Enhancing molecular pharming to accelerate drug production

Tobacco plants used to produce pharmaceutical drugs

By Mya Kidson

Harnessing plants to make useful drugs, such as therapies for the COVID-19-causing virus, is a University of Guelph research goal. 

Dr. Jennifer Geddes-McAlister, a professor in the Department of Molecular and Cellular Biology (MCB), and her research team are looking for ways to improve molecular pharming practices to make therapeutic products, including vaccines and medications.

Molecular pharming involves the process of deliberately modifying DNA in a bacterium, which is then used to infect a plant by transferring its DNA. This leads to genetic expression and production of new proteins from the plant that can be used for therapeutic purposes. 

“While molecular pharming is already an established process, we are looking at how to improve the process to increase the yield of the target proteins,” says Geddes-McAlister.

Researchers are using a bacterium called Agrobacterium tumefaciens because it acts as a natural pathogen for plants, such as tobacco. 

Under a natural infection process, the bacterium transfers its DNA into a plant, leading to crown gall disease, which causes tumour-like growths on the plant roots and stems. This makes A. tumefaciens an appealing vector for genetic modification and drug production studies. 

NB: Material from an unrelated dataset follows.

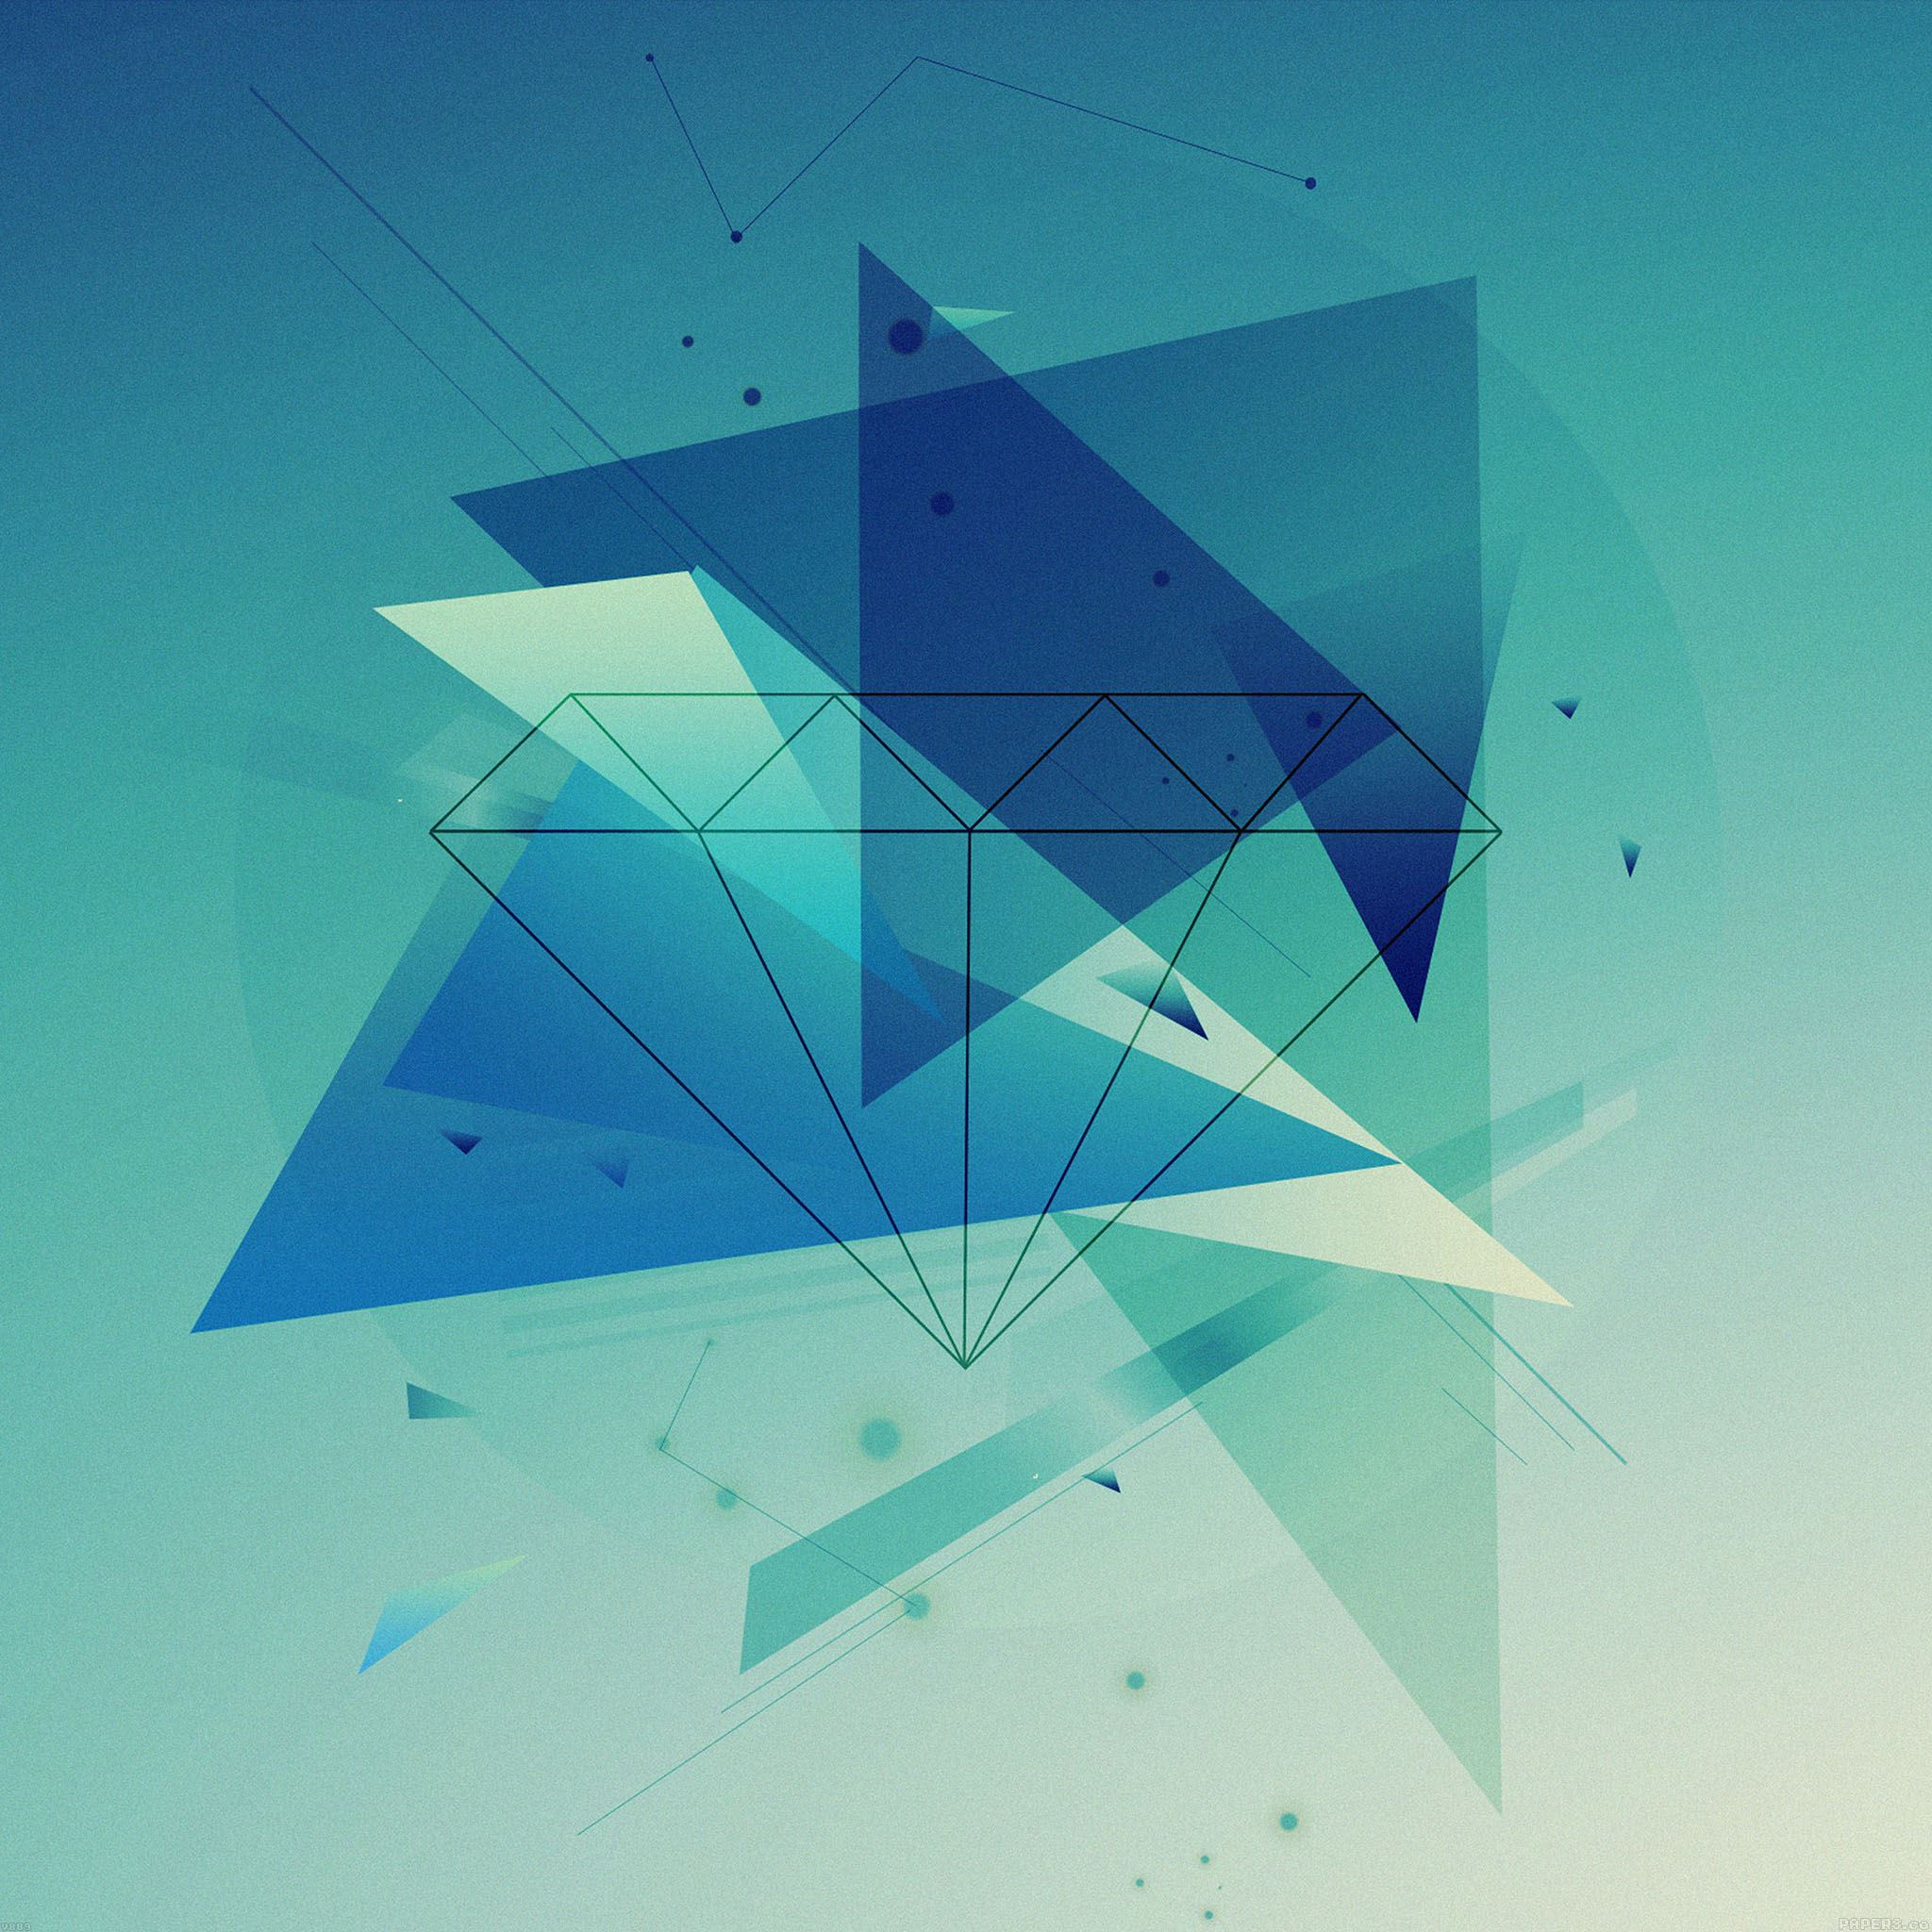 Diamond blue graphic art iPad Air wallpaper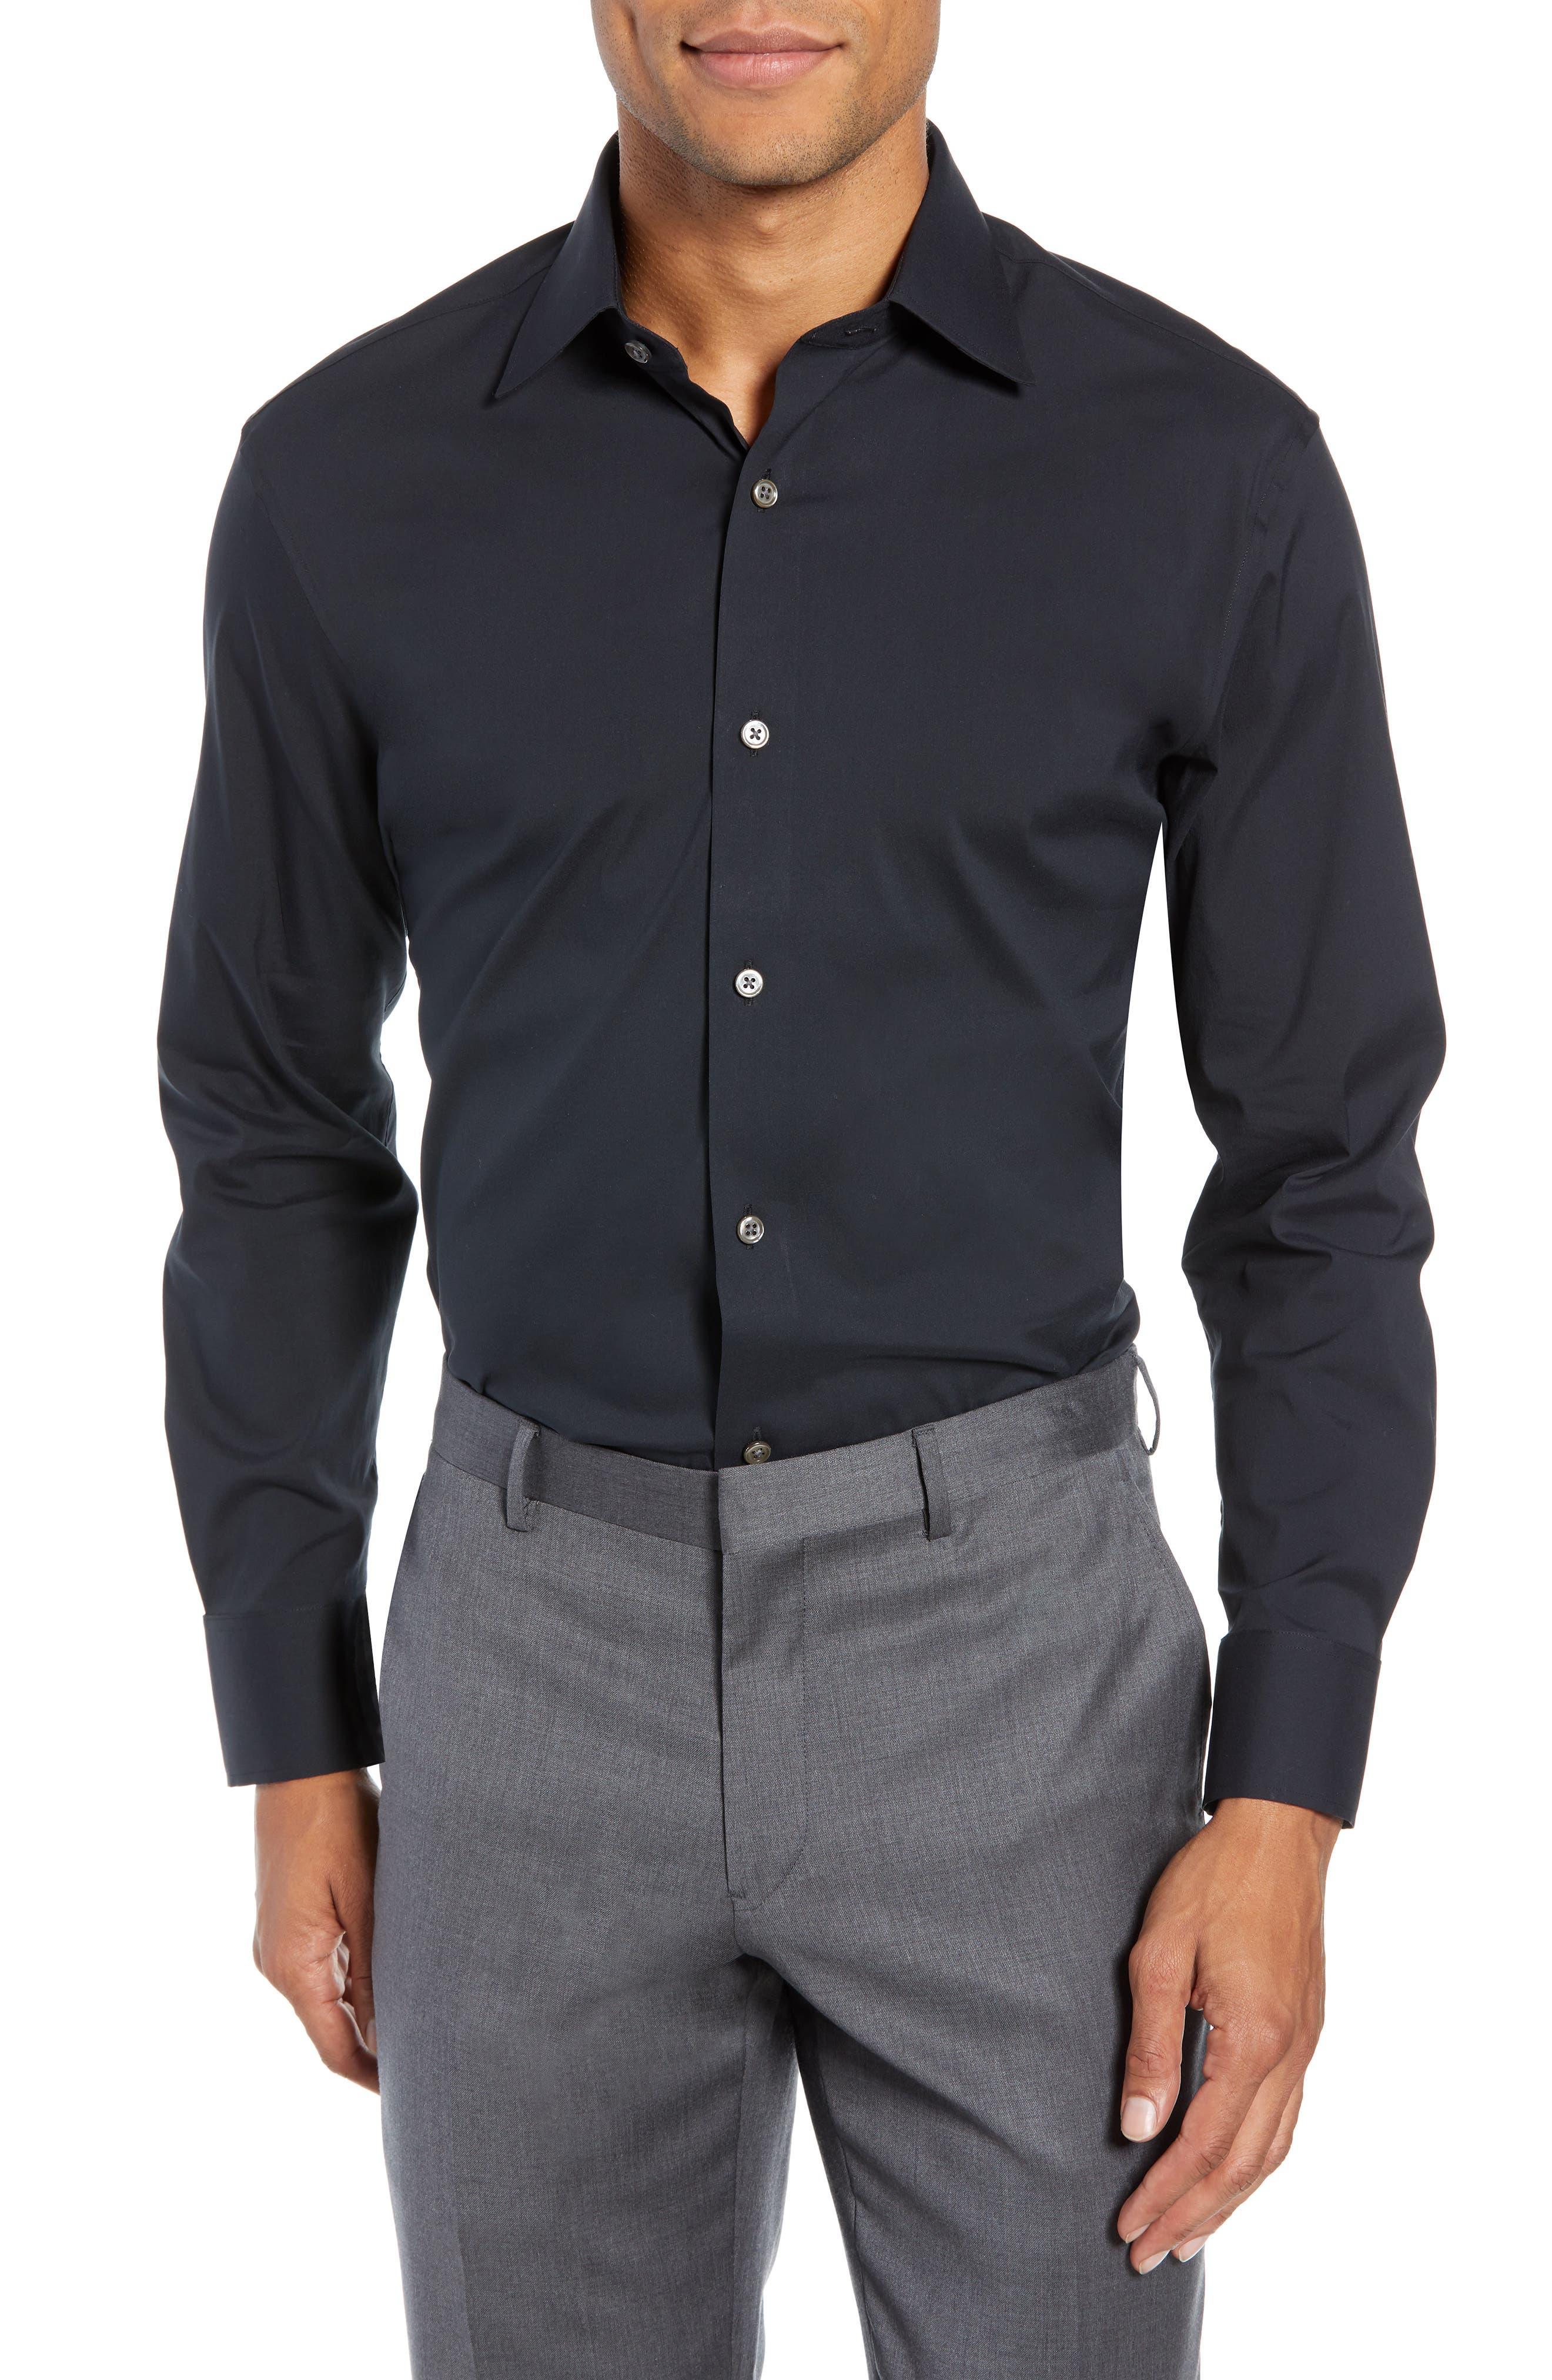 Jetsetter Slim Fit Solid Dress Shirt,                             Main thumbnail 1, color,                             BLACK

Geddes-McAlister’s team is looking for ways to optimize the molecular pharming process to enhance drug production. That begins by looking at the infection process involving the plant host and pathogen.

“When we treat large quantities of plants with the bacteria for industrial-scale protein production, it can expose the bacteria to an environment devoid of nutrients and carbon sources for a prolonged period of time,” says Geddes-McAlister. “This may influence the bacteria’s ability to infect the plants and further impact target protein production.” 

The researchers discovered that prolonged exposure to agroinfiltration medium (medium used during the transfer of bacterium into the plant) enhances infection of plant cells and can increase target protein production.

“The agroinfiltration approach can be a great alternative to conventional pharmaceutical production, as we can harness the natural relationship between a host and pathogen to produce large quantities of high-quality, biosimilar drugs in a relatively inexpensive manner,” says Geddes-McAlister. 

Researchers can create quick treatment options using agroinfiltration and molecular pharming, especially for infectious diseases such as COVID-19, that require rapid intervention to mitigate spread. 

“The use of molecular pharming has great potential since it does not address one specific infectious disease, but rather, can be applied to an array of diseases,” says Geddes-McAlister.

The research team partnered with PlantForm Corp. based in Toronto to optimize the drug production pipeline and establish new targets for molecular pharming.

The team now plans to identify disease targets and test them, including developing a proof-of-concept drug for different infectious disease candidates. 

“Molecular pharming provides another alternative method for drug production,” says Geddes-McAlister. “This drug-making process is flexible and diverse, allowing us to apply the methodology to many different targets.”

The research team includes MCB PhD candidate, Nicholas Prudhomme and PhD student, Connor Gianetto-Hill, and Dr. Emma Allen-Vercoe, a professor in the Department.

This research was supported by PlantForm Corp. and the University of Guelph’s COVID-19 Research Development and Catalyst Fund.